Ben Abdelaziz Ahmed, Haj Amor Sina, Ayadi Ines, Khelil Mohamed, Zoghlami Chokri, Ben Abdelfattah Sami
Tunis Med. 2018 Oct-Nov;96(10-11):789-807.
As part of its strategy of Universal Health Coverage (UHC), Tunisia has calculated, after its revolution, its Health Accounts (HA), in a standardized and interdepartmental way.
Describe the current structure of care financing in Tunisia, through the HA reports, from 2012 to 2014, and assess its compliance with the principles of socialization of health insurance.
Crude data on health care expenditures were collected by a multi-departmental group that is responsible for calculating health accounts, using a methodology developed by WHO. On the basis of these data, a dozen of indicators that serve to monitor the financing of care, were determined, especially the proportion of public care expenditure (state and insurance), the proportion of direct payments of households in total care expenditure. and the share of expenses of the National Diseases Insurance Fund (CNAM) in the private sector.
During the 2012-2014 trienniums, the total health expenditure represented 7% of GDP. Public expenditure on health care did not exceed 57% of the total health expenditure, which is 4% of GDP. Households paid directly, from their pockets, 39% of current care expenditures.
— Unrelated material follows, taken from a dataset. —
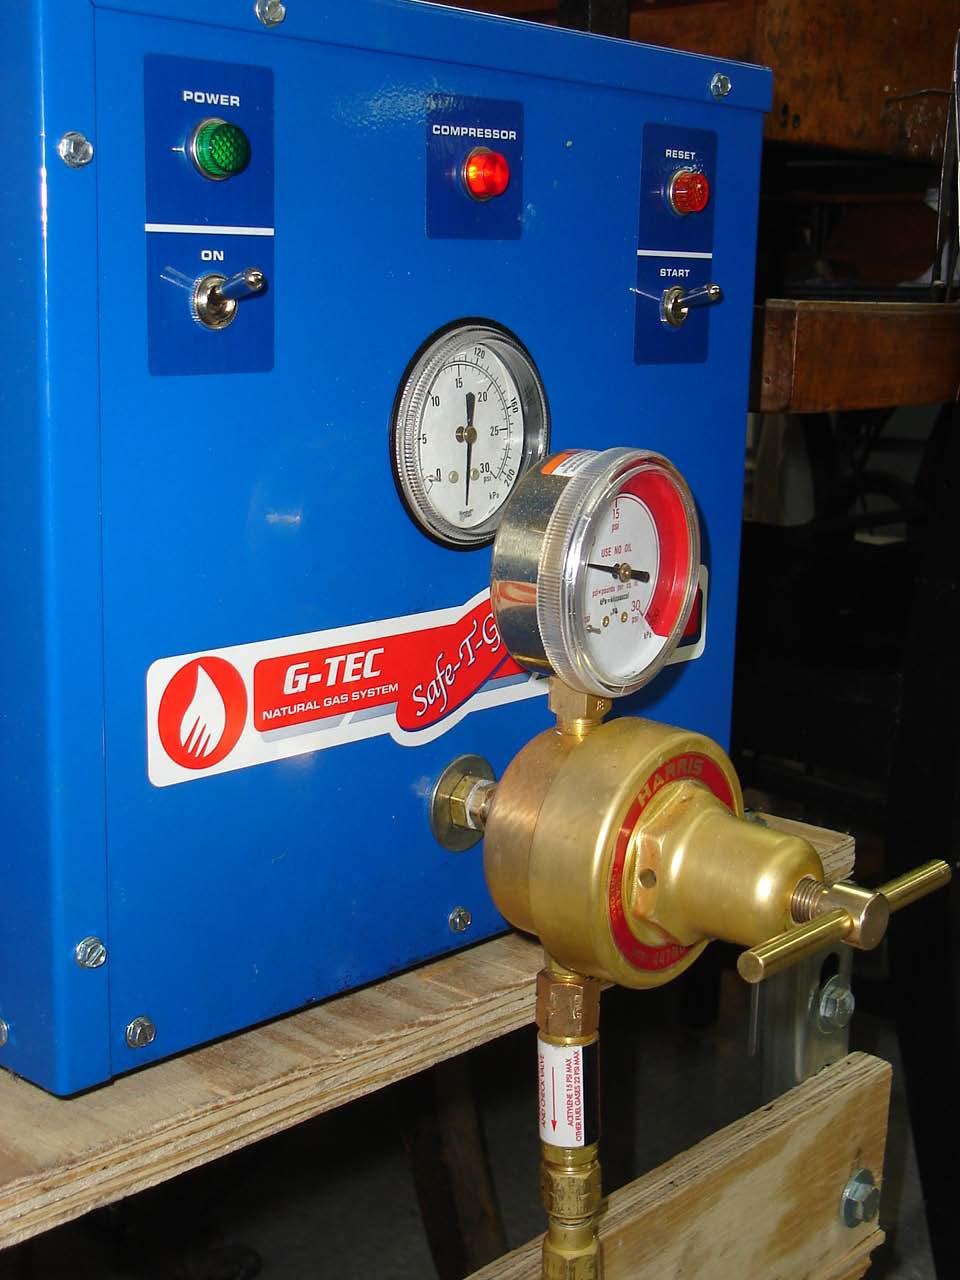 Appendix A: Photograph of a Typical Natural Gas Torch Booster Regulator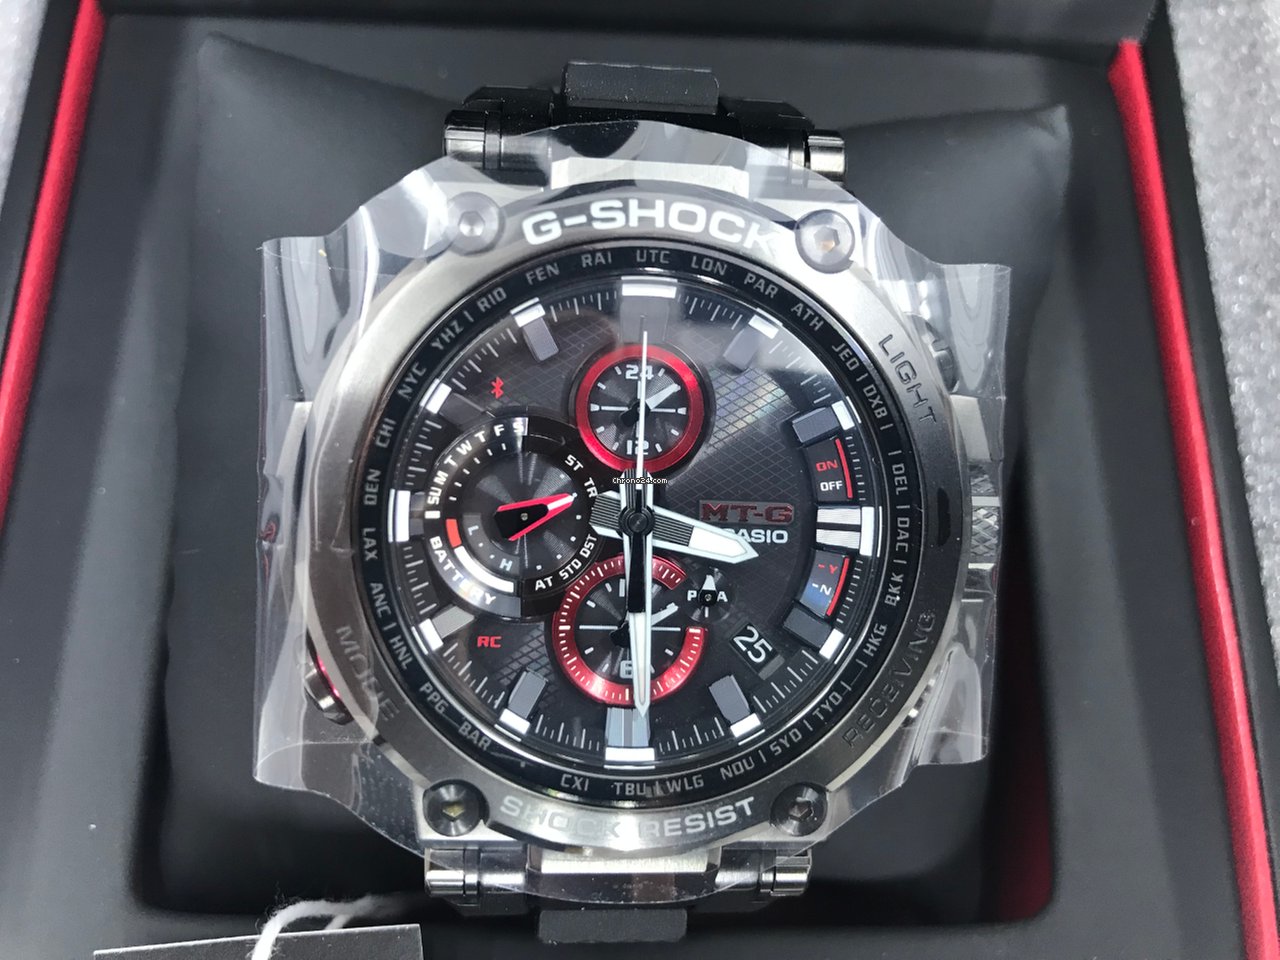 Casio G-Shock Watches- Designed For Resistance

About half of the expenses of the CNAM, was released for the reimbursement of consultations, explorations and hospitalizations in private clinics and medical needs (drugs and medical material) in private pharmacies.
The financing of the post-revolution care system in Tunisia was characterized by a dangerous triad for its survival, performance and equity: excessive spending compared to the country's growth, a very high contribution of households exceeding the cutoff of "catastrophic" spending, and a marked shift in the social policy of the CNAM, in favor of the private sector. This profile, proof of low socialization of healthcare financing, would be a limiting factor in the implementation of the CSU strategy in Tunisia.
作为全民健康覆盖(UHC)战略的一部分,突尼斯在革命后以标准化和跨部门的方式计算了其卫生账户(HA)。
通过2012年至2014年的卫生账户报告描述突尼斯当前的医疗保健融资结构,并评估其是否符合医疗保险社会化原则。
负责计算卫生账户的多部门小组采用世界卫生组织制定的方法收集了医疗保健支出的原始数据。基于这些数据,确定了一系列用于监测医疗保健融资的指标,特别是公共医疗保健支出(国家和保险)的比例、家庭直接支付在总医疗保健支出中的比例,以及国家疾病保险基金(CNAM)在私营部门的支出份额。
在2012 - 2014年的三年期间,卫生总支出占国内生产总值的7%。公共医疗保健支出不超过卫生总支出的57%,即国内生产总值的4%。家庭直接自掏腰包支付了当前医疗保健支出的39%。CNAM约一半的支出用于报销私立诊所的咨询、检查和住院费用以及私立药店的医疗需求(药品和医疗材料)。
突尼斯革命后医疗保健系统的融资具有对其生存、绩效和公平性构成危险的三重特征:与国家经济增长相比支出过高、家庭贡献过高超过“灾难性”支出临界值,以及CNAM社会政策明显向私营部门倾斜。这种情况证明了医疗保健融资社会化程度较低,将成为突尼斯实施全民健康覆盖战略的一个限制因素。